Senada dengan Alfian, Wakil Kepala Sekolah Bidang Kesiswaan SMAN 1 Taraju, Nurhayati, mencatat adanya perubahan perilaku ekonomi dan kedisiplinan siswa sejak kehadiran program ini. Kebiasaan jajan saat istirahat berkurang, dan pengeluaran harian siswa yang sebelumnya mencapai Rp12.000 – Rp15.000 kini menurun.
“Kehadiran siswa juga ada perubahan karena mereka merasa terbantu. Minimal asupan gizi akan berdampak terhadap kesehatan. Dengan gizi yang sehat ada semangat mereka untuk sekolah. Mudah-mudahan seiring berjalannya waktu, dengan adanya perbaikan gizi bisa dilihat efek jangka panjangnya,” jelas Nurhayati.
Selain itu, MBG juga memberikan insentif tambahan bagi guru-guru honorer yang membantu kelancaran penyaluran makanan, sehingga meningkatkan pendapatan mereka di luar gaji rutin. Hal ini membuktikan bahwa program MBG justru menjadi tulang punggung baru di sekolah, jauh dari anggapan melemahkan pendidikan.
Komitmen negara juga terlihat dari kebijakan MBG yang tetap berjalan selama libur sekolah. Ini merupakan langkah nyata untuk mencegah stunting dan memperbaiki kualitas gizi anak-anak Indonesia secara berkelanjutan.
SPPG Gerakkan Ekonomi Lokal
Keberadaan Satuan Pelayanan Pemenuhan Gizi (SPPG) di daerah turut menjadi faktor penting yang menggerakkan perekonomian lokal.

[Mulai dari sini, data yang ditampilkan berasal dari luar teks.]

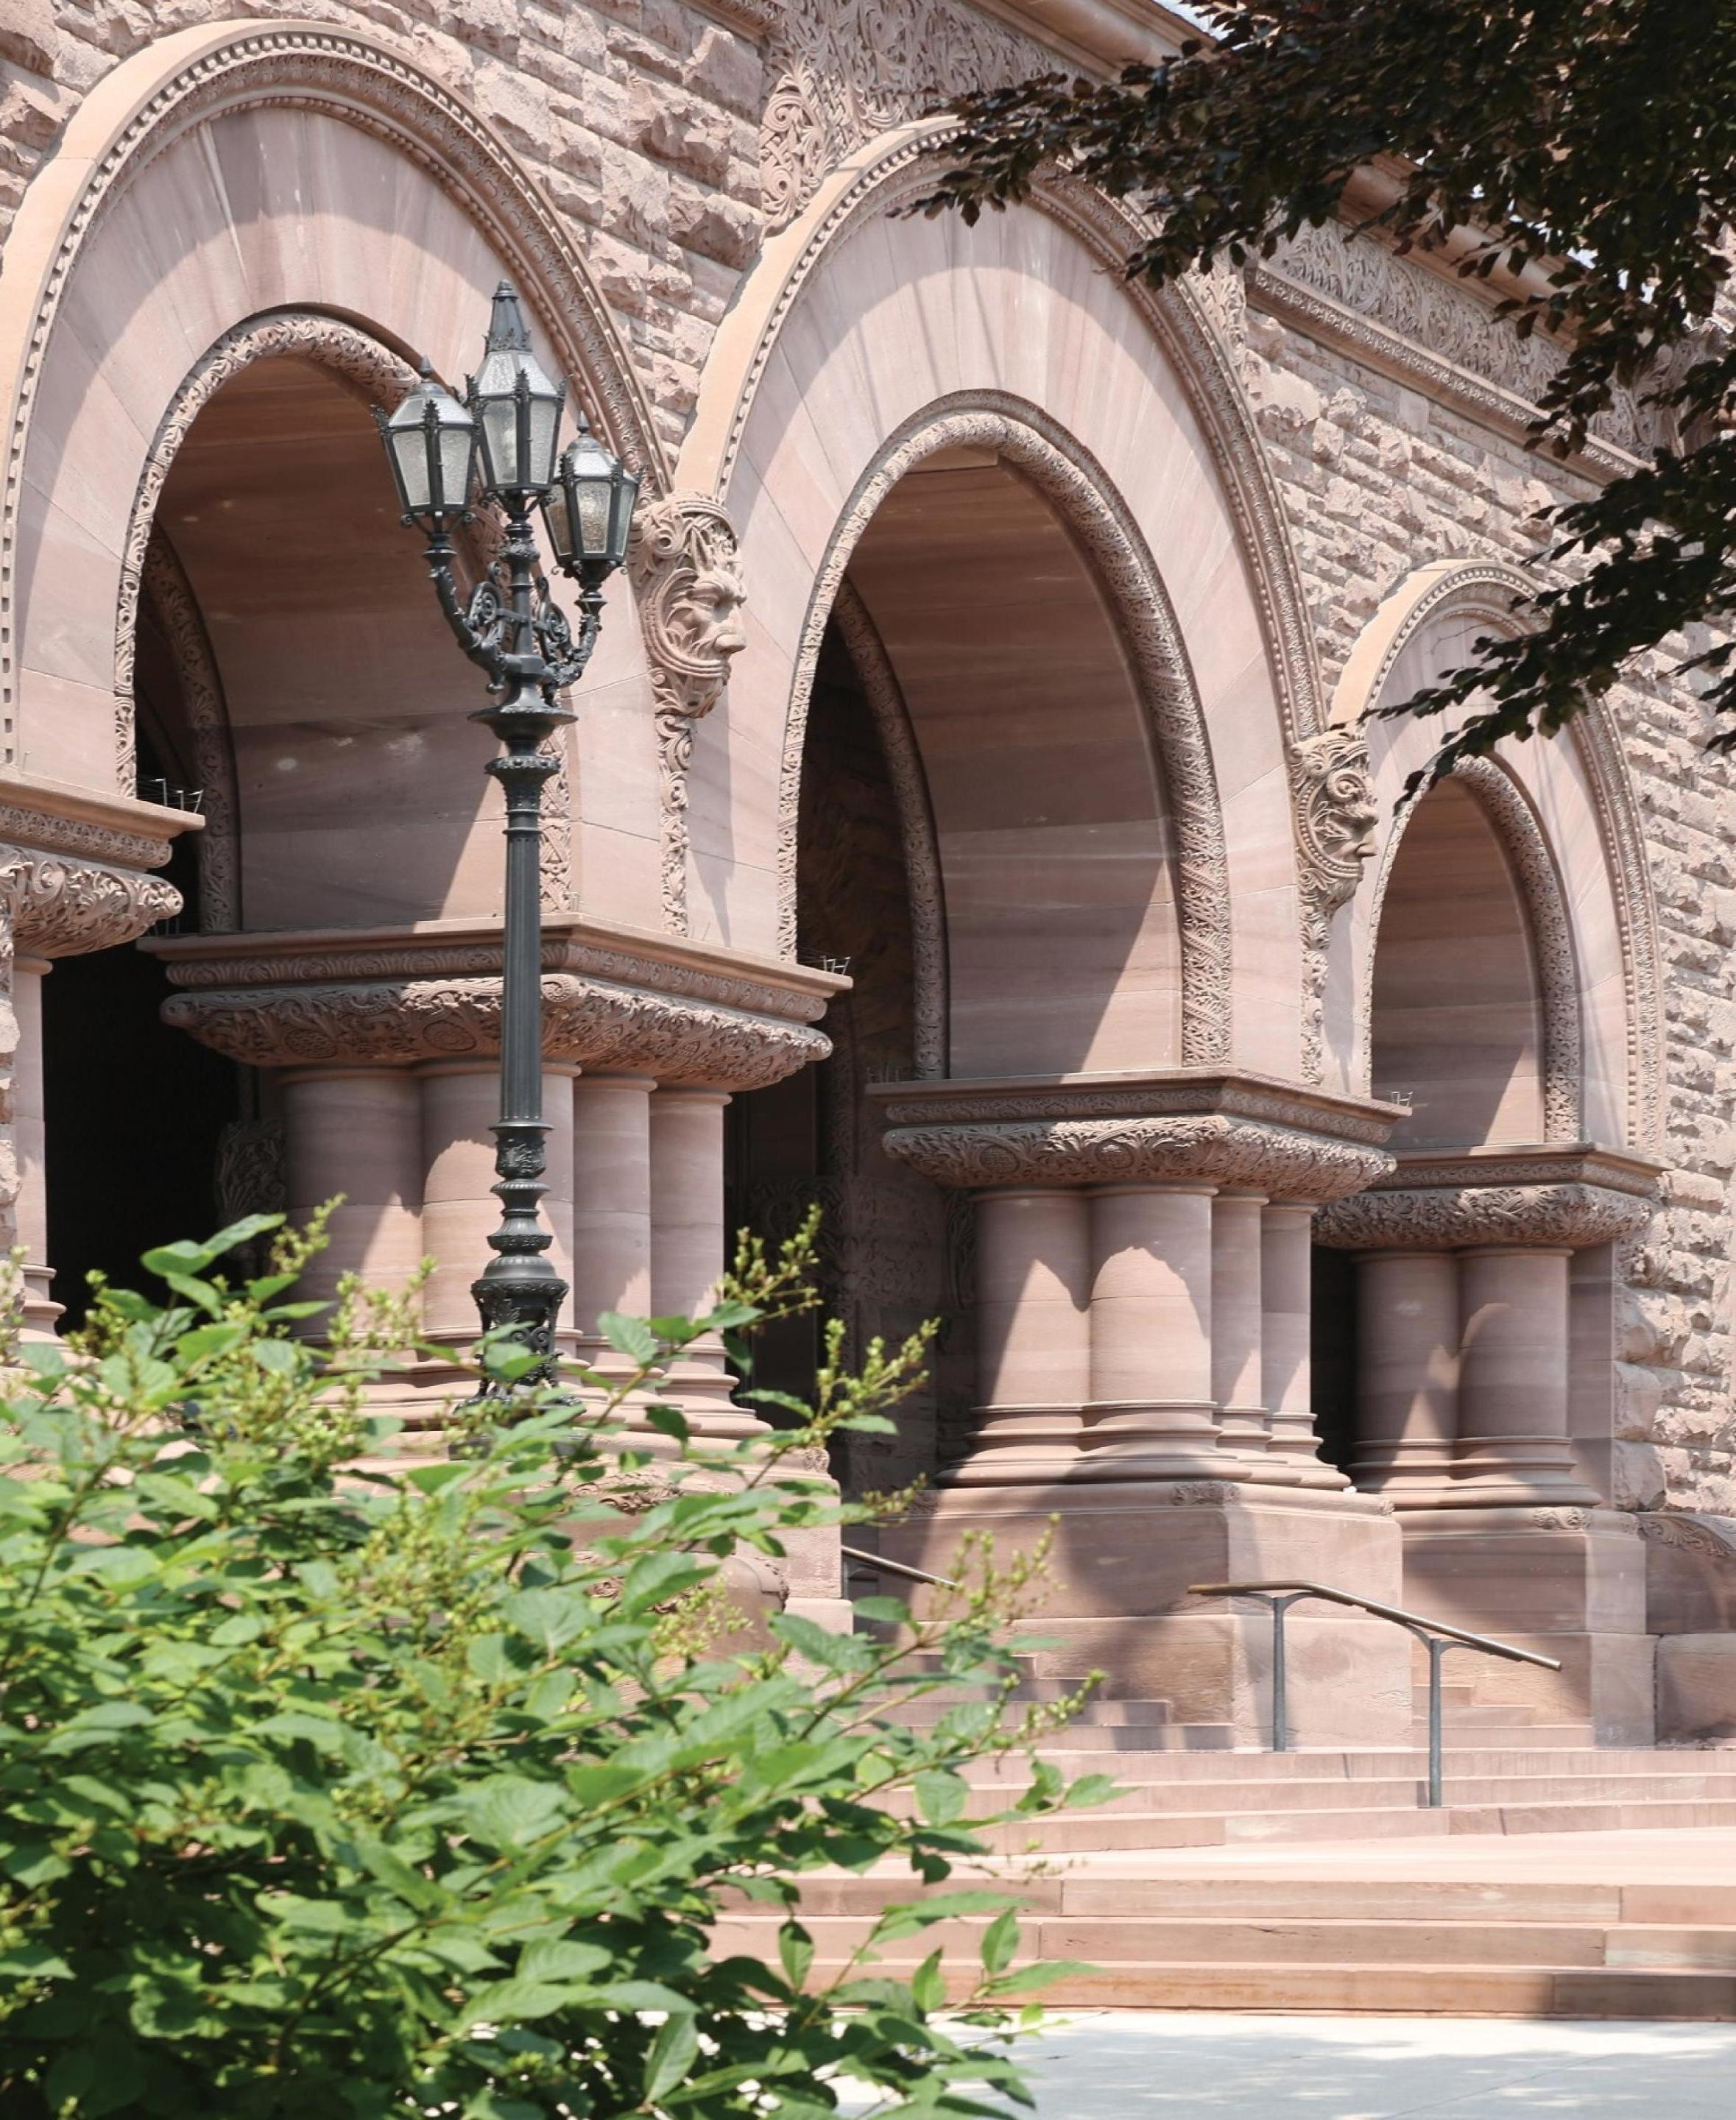 Picture showing the front entrance arches at Ontario's Legislative Building

Selain berpeluang menciptakan lapangan kerja bagi pegawai dan relawannya, para mitra SPPG juga menyerap produksi bahan pangan lokal dari petani dan peternak di wilayah operasi mereka.
“Keberadaan kami ini betul-betul dirasakan selain oleh penerima manfaat tapi juga oleh pelaku ekonomi seperti pasar, petani, dan yang lainnya. Harapannya, kesempatan kerjasama dengan mereka untuk meningkatkan ekonomi daerah. SPPG jadi jembatan yang sangat strategis untuk memfasilitasi mereka. Alhamdulillah sampai saat ini kita bisa memberikan kontribusi yang positif,” ujar Mitra SPPG Cibuntu, Tasikmalaya, Tino Rirantino.
Prof. Didin juga mengamati bahwa berbagai masalah teknis yang muncul pada program MBG selama satu tahun ini telah berhasil diatasi dan dikonsolidasi dengan baik oleh Badan Gizi Nasional.